One example in the Northeast is St. Vincent Medical Center in Worcester, Mass.
She pointed to a Nov. 9, 2018 article in the Worcester Telegram-Gazette that stated, “Medicine has been key to Worcester’s revitalization in the new millennium. The East Central Urban Renewal Project was renamed the Medical City project and resulted in the relocation of St. Vincent Hospital from high on Vernon Hill to a downtown site just a few blocks away in 2000.”
Bone of contention
Brock claims that several board members from MVHS told him that the $300 million in state aid would be withheld if the project did not locate downtown.

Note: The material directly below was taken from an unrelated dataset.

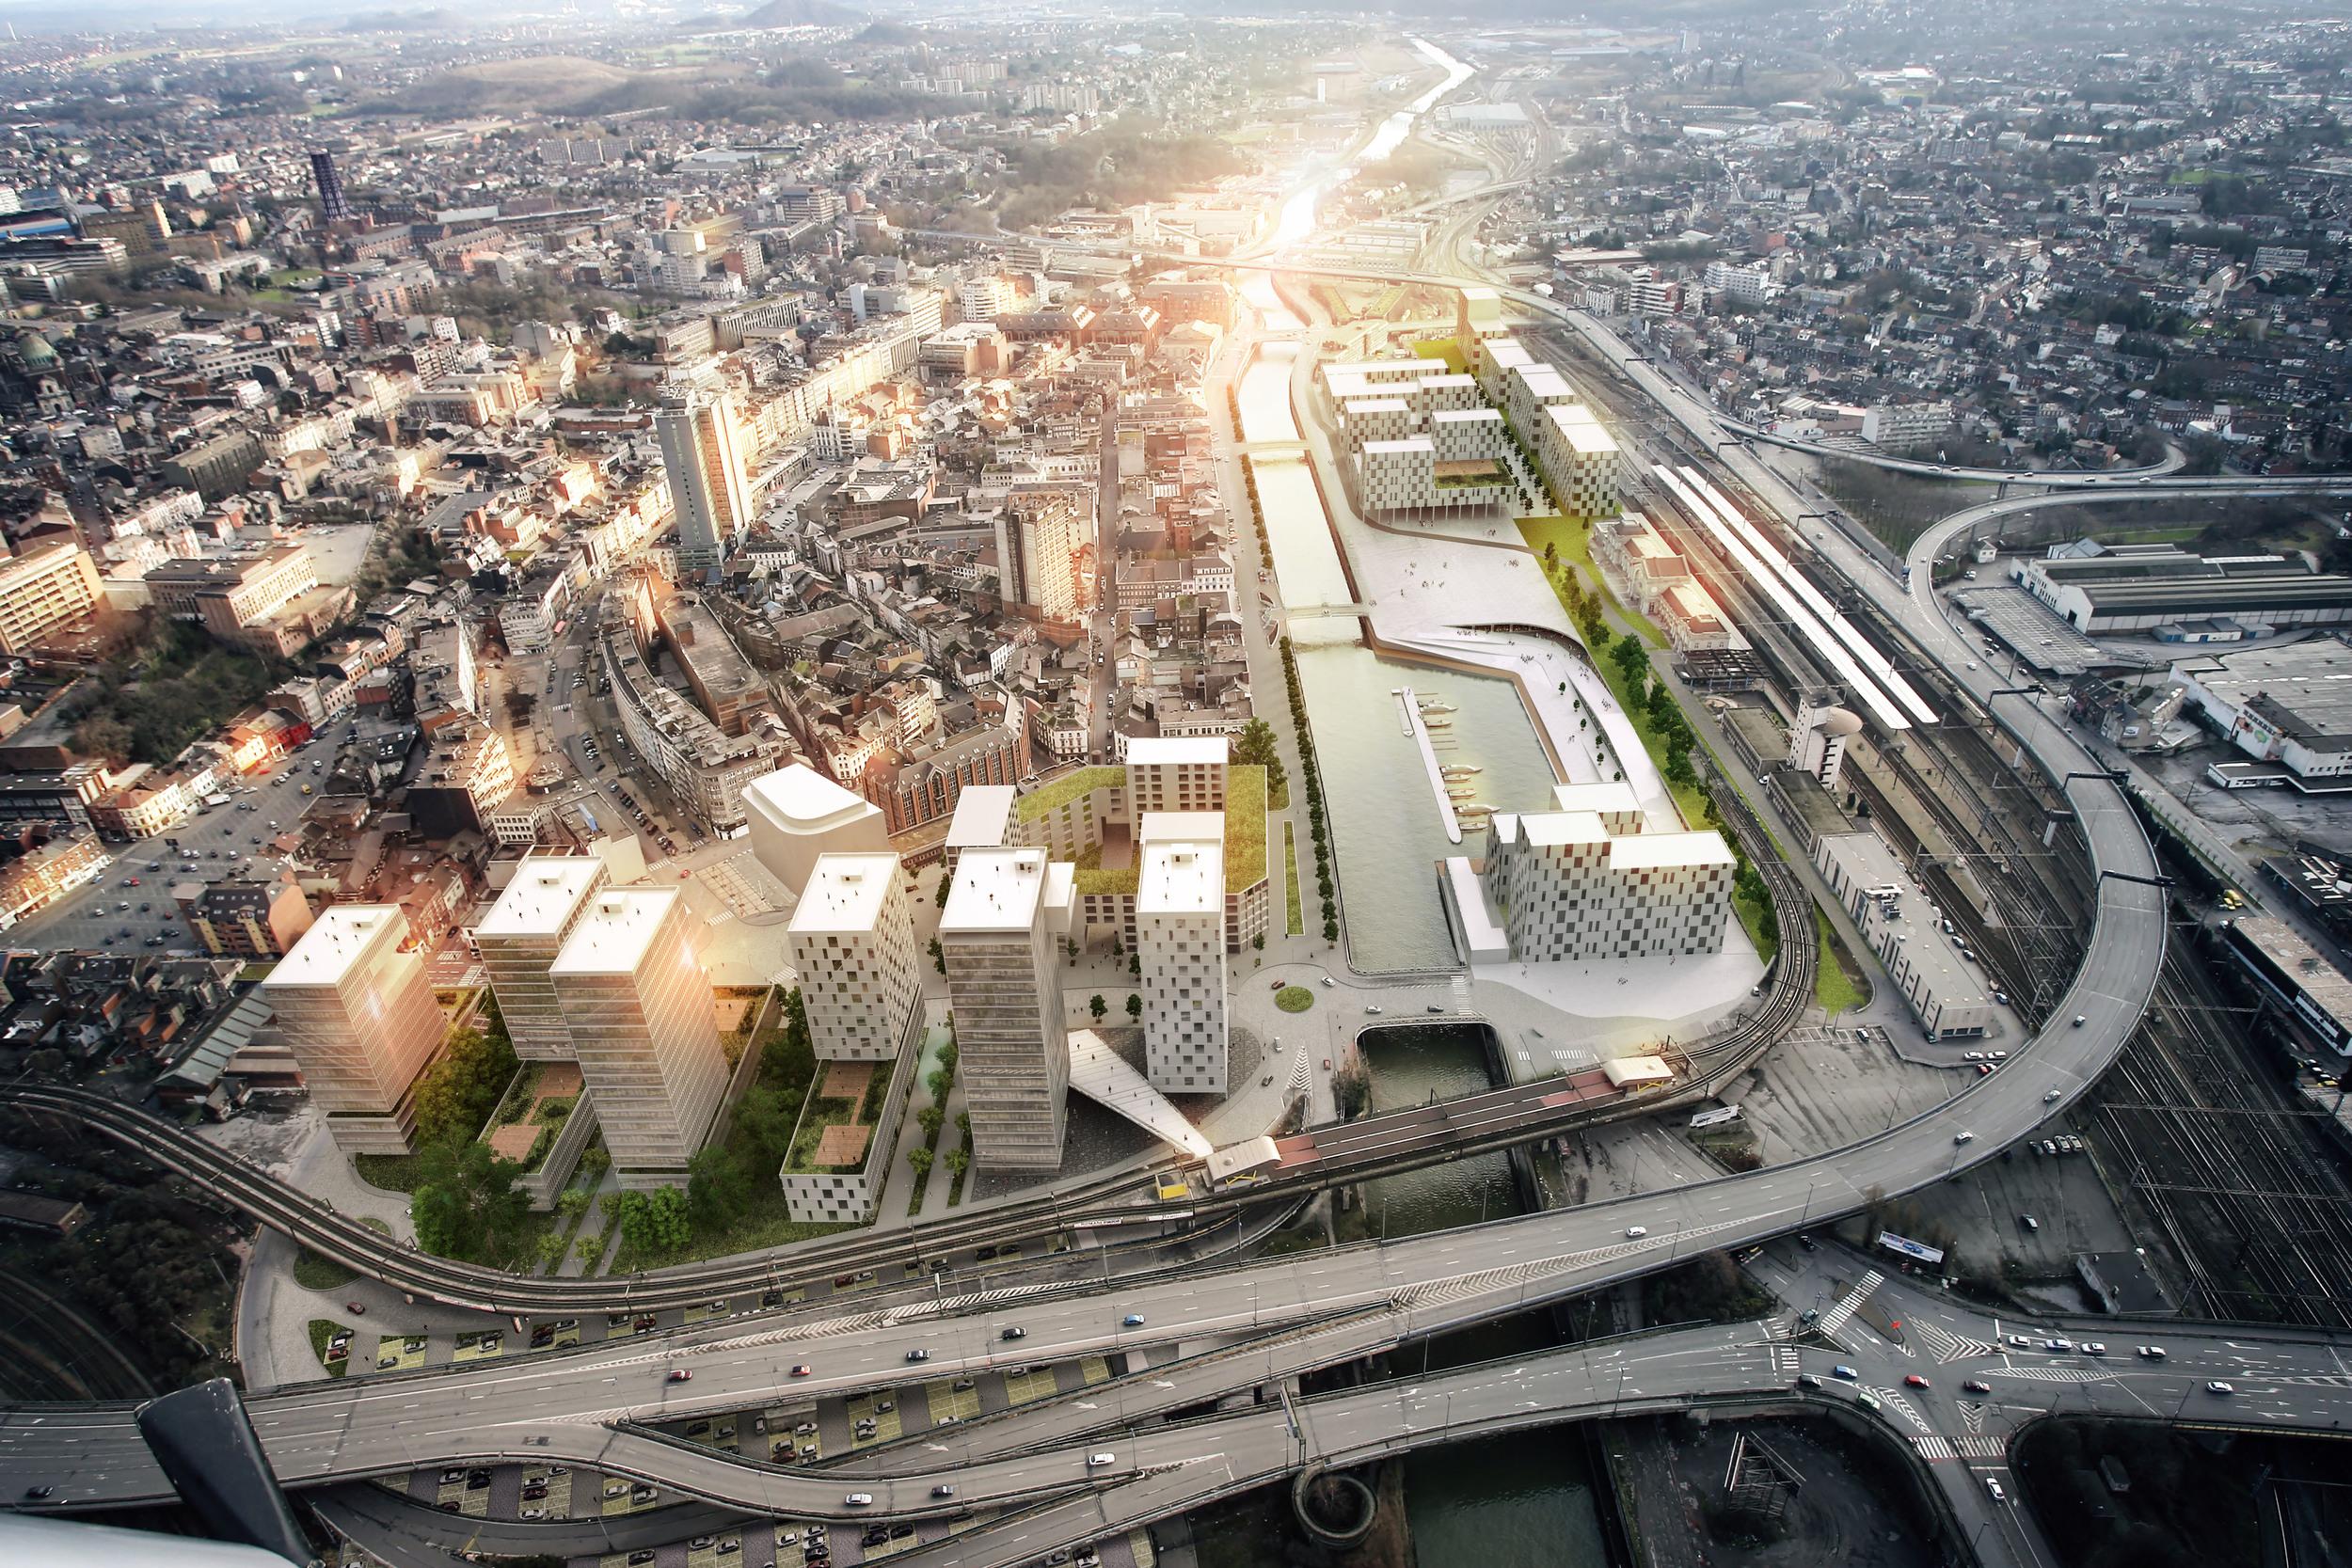 LEFT SIDE BUSINESS PARK   Le projet Left Side Business Park est un projet ambitieux et important pour Charleroi dans la mesure où il envisage un enjeu jamais assumé à ce jour : construire une véritable interface urbaine habitée entre le Centre-Ville et l'infrastructure du Ring. Le projet urbanistique vise à réaliser en entrée de ville un nouveau pôle mixte de bureaux, de logements et de commerces. Ce nouveau pôle se caractérise par une forte densité bâtie, motivée par l'excellente qualité de la desserte en transports publics, contrebalancée par un espace public maillé, vaste et généreux.  + d'informations

However, Stromstad said the downtown location for the new medical center was supported by the state as part of a larger initiative to revitalize urban centers in Upstate New York.
Because of that state support, MVHS was granted $300 million in Health Care Facility Transformation monies.
In order to obtain the grant, the hospital needed to be located in Oneida County’s largest population center, which is the city of Utica, Stromstad noted.
In addition to state and regional government support, the downtown location offers better accessibility because of its location to major highways and public transportation, she added.
Building at or expanding on the St. Luke’s campus is no longer an option and is not viable for a number of reasons, she said.
“There is not enough adjoining acreage that is not currently being used to support the design of a new medical center,” said Stromstad, noting there are also other buildings on the site — the Center for Rehabilitation and Continuing Care Services, a dental center, onsite day care buildings, and other additional buildings.
Stromstad also noted there are federally regulated wetlands on the St. Luke’s campus.
She said both hospital campuses — St. Elizabeth and St. Luke’s — need to remain open and functional during construction to meet the needs of patients and community members.